Hey all, I'm evaluating Prefect as an alternative ...
# ask-community
w
Hey all, I'm evaluating Prefect as an alternative to our orchestration (we're currently using AWS Step Functions which has a lot of challenges). So far everything looks pretty nice, but I'm noticing that when I try to use the
concurrency
context manager, I either: 1. Don't notice any real difference when I play around with the
occupy
parameter. Granted this is a simple 2. Sometimes my Flow will hang randomly for seemingly no reason. On one execution it'll execute fine to completion but on the next it'll just stop right before it gets to the context manager (i.e., no more logs). I'm noticing both whether I use the
sync
or
async
concurrency
context managers. I'll share a version of the code in the thread.
Copy code
from datetime import timedelta
from typing import Dict, List
import asyncio

import httpx
import duckdb
from prefect import flow, task
from prefect.tasks import task_input_hash
from prefect.concurrency.asyncio import concurrency

API_KEY = <redacted>
DUCKDB_DATABASE = <redacted>

@task(
    name="Execute Weather API Call",
    retries=3,
    retry_delay_seconds=5,
    # cache_key_fn=task_input_hash,
    # cache_expiration=timedelta(days=1), # Weather data changes daily
    log_prints=True
)
async def execute_weather_api(zip_code: str) -> Dict[str, any]:
    url = "<https://api.openweathermap.org/data/2.5/weather?zip={zip_code},us&appid={api_key}>".format(zip_code=zip_code, api_key=API_KEY)

    print(f"Executing API call for {zip_code}")

    async with concurrency('execute-weather-api', occupy=1):
        response = httpx.get(url)
        try:
            response.raise_for_status()
        except httpx.HTTPError as e:
            return None

        return response.json()


@flow(
    name="Get Weather",
    log_prints=True
)
async def get_weather() -> None:
    print("Getting NY Weather")
    ny_weather = await get_ny_weather(get_ny_zip_codes(count=500))
    print("Materialize Weather")

    create_weather_table()
    write_data_to_duck_db(ny_weather + nj_weather)


@task(
    name="Write Data to DB",
    log_prints=True
)
def write_data_to_duck_db(weather_data: List[Dict[str, any]]) -> None:
    conn = duckdb.connect(DUCKDB_DATABASE)
    zip_codes = []

    for row in weather_data:
        query = f"""INSERT INTO weather
            VALUES (
                '{row["zip_code"]}', 
                '{row["lat"]}', 
                '{row["lng"]}', 
                '{row["temperature"]}', 
                '{row["feels_like"]}', 
                '{row["humidity"]}'
            )
        """
        conn.execute(query)
        zip_codes.append(row["zip_code"])

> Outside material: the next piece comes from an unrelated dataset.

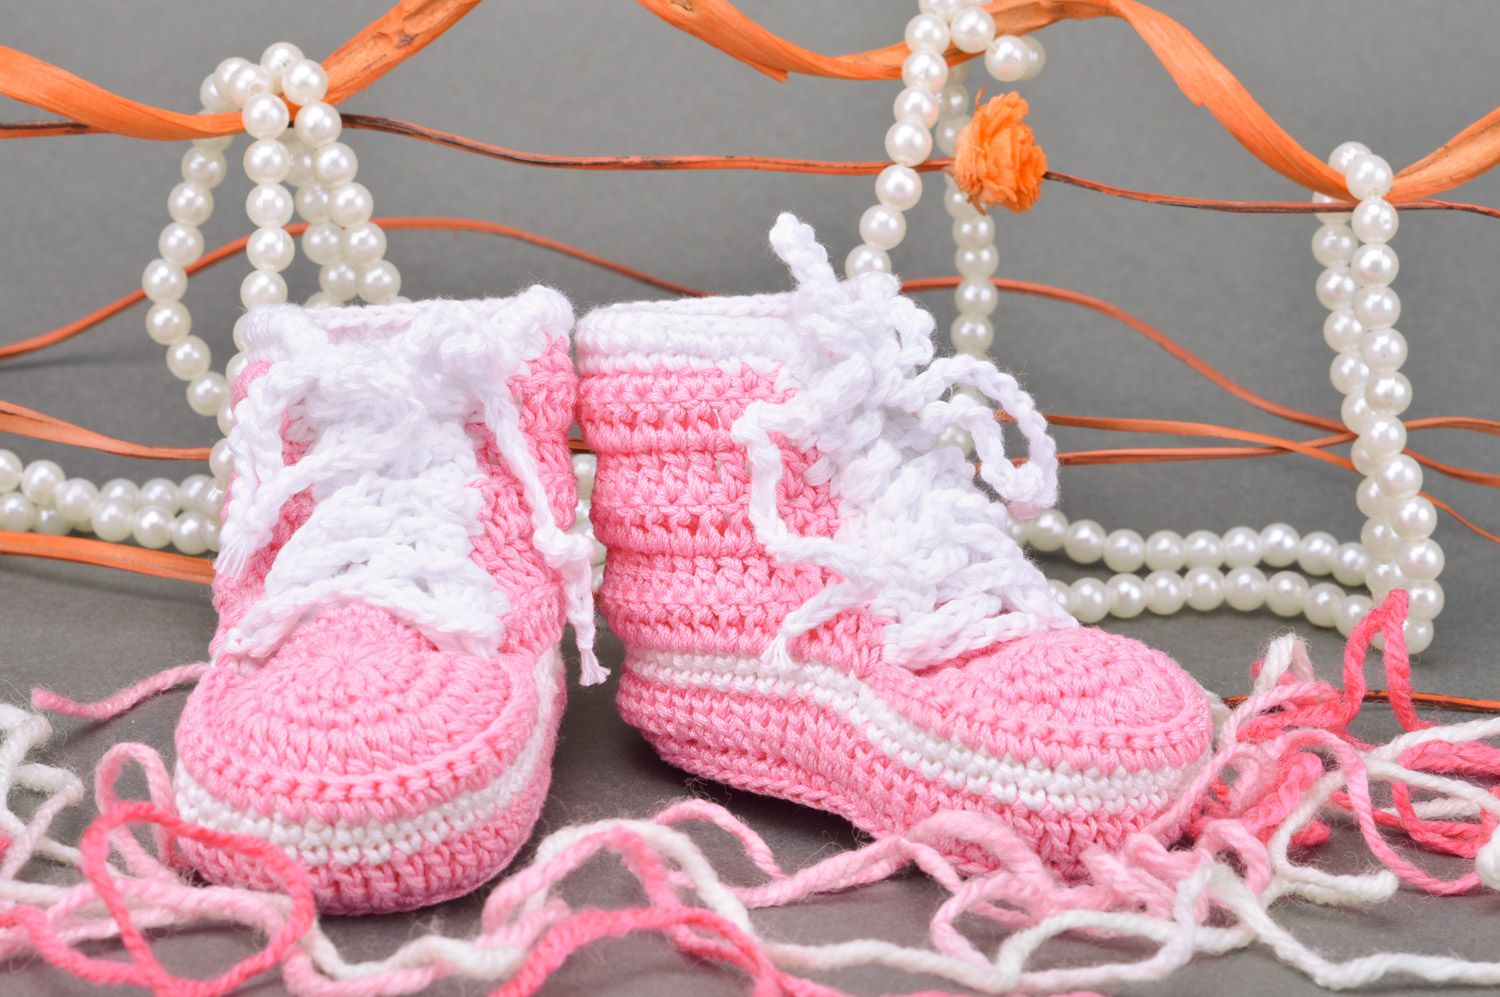 Handmade crocheted pink booties made of cotton in the form of sneakers for girls photo 1
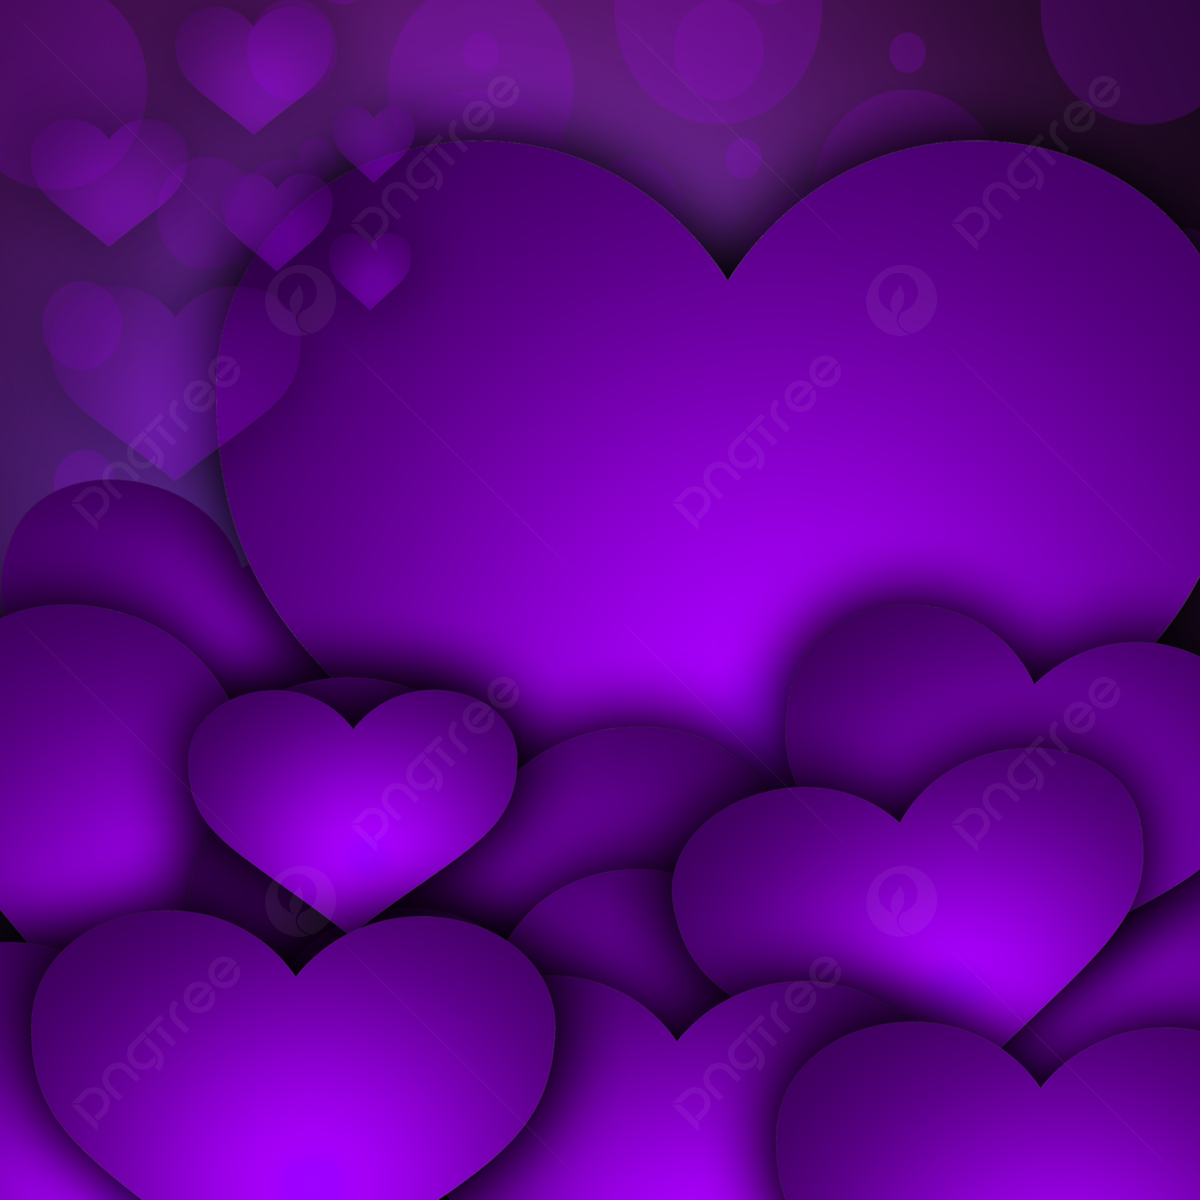 Beautiful Hearts With Support Of Alot Valentine S Special Wallpaper Background, Background With Effects, Day To Show Affections, Heart Gif Background Image for Free Download

    print(f"Zip codes recorded: {zip_codes}")
    print(f"Number of records: {len(zip_codes)}")


@task(
    name="Get NY Zip Codes",
    log_prints=True
)
def get_ny_zip_codes(count: int) -> List[str]:
    url = "<https://data.ny.gov/resource/juva-r6g2.json>"
    response = httpx.get(url)

    try:
        response.raise_for_status()
    except httpx.HTTPError as e:
        raise

    return [d["zip_code"] for d in response.json()[:count]]


@flow(
    name="Get NY Weather",
    log_prints=True
)
async def get_ny_weather(zip_codes: List[str]) -> List[Dict[str, any]]:
    weather = []
    for zip_code in zip_codes:
        weather.append({
                "zip_code": zip_code,
                "result": await execute_weather_api.submit(zip_code)
            }
        )

    return_value = []
    for data in weather:
        w = await data["result"].result()
        
        if w:
            return_value.append({
                "zip_code": data["zip_code"],
                "lat": w["coord"]["lat"],
                "lng": w["coord"]["lon"],
                "temperature": w["main"]["temp"],
                "feels_like": w["main"]["feels_like"],
                "humidity": w["main"]["humidity"]
            })
    return return_value

@task(
    name="Create Weather Table",
    log_prints=True
)
def create_weather_table() -> None:
    sql = """CREATE TABLE IF NOT EXISTS weather (
        zip_code TEXT, 
        lat REAL, 
        lng REAL, 
        temperature REAL, 
        feels_like REAL, 
        humidity REAL
    )
    """
    duckdb.connect(DUCKDB_DATABASE).execute(sql)

if __name__ == "__main__":
    asyncio.run(get_weather())
On the first point, I would expect changing the
occupy
value from 1 to say, 100 would give me a noticeable speed-up in execution, but it doesn't.
n
hi @William Hom -
occupy
is just the number of slots that this context manager can occupy from the
limit
so what's the limit value you have set? you can do
prefect gcl ls
w
Hey @Nate! Sorry for not getting back to you and hope you enjoyed the weekend. I think what I missed was having to set up the concurrency in Prefect first, then using it in the context manager. Once I did that and activated them, it worked.
n
good to hear 👍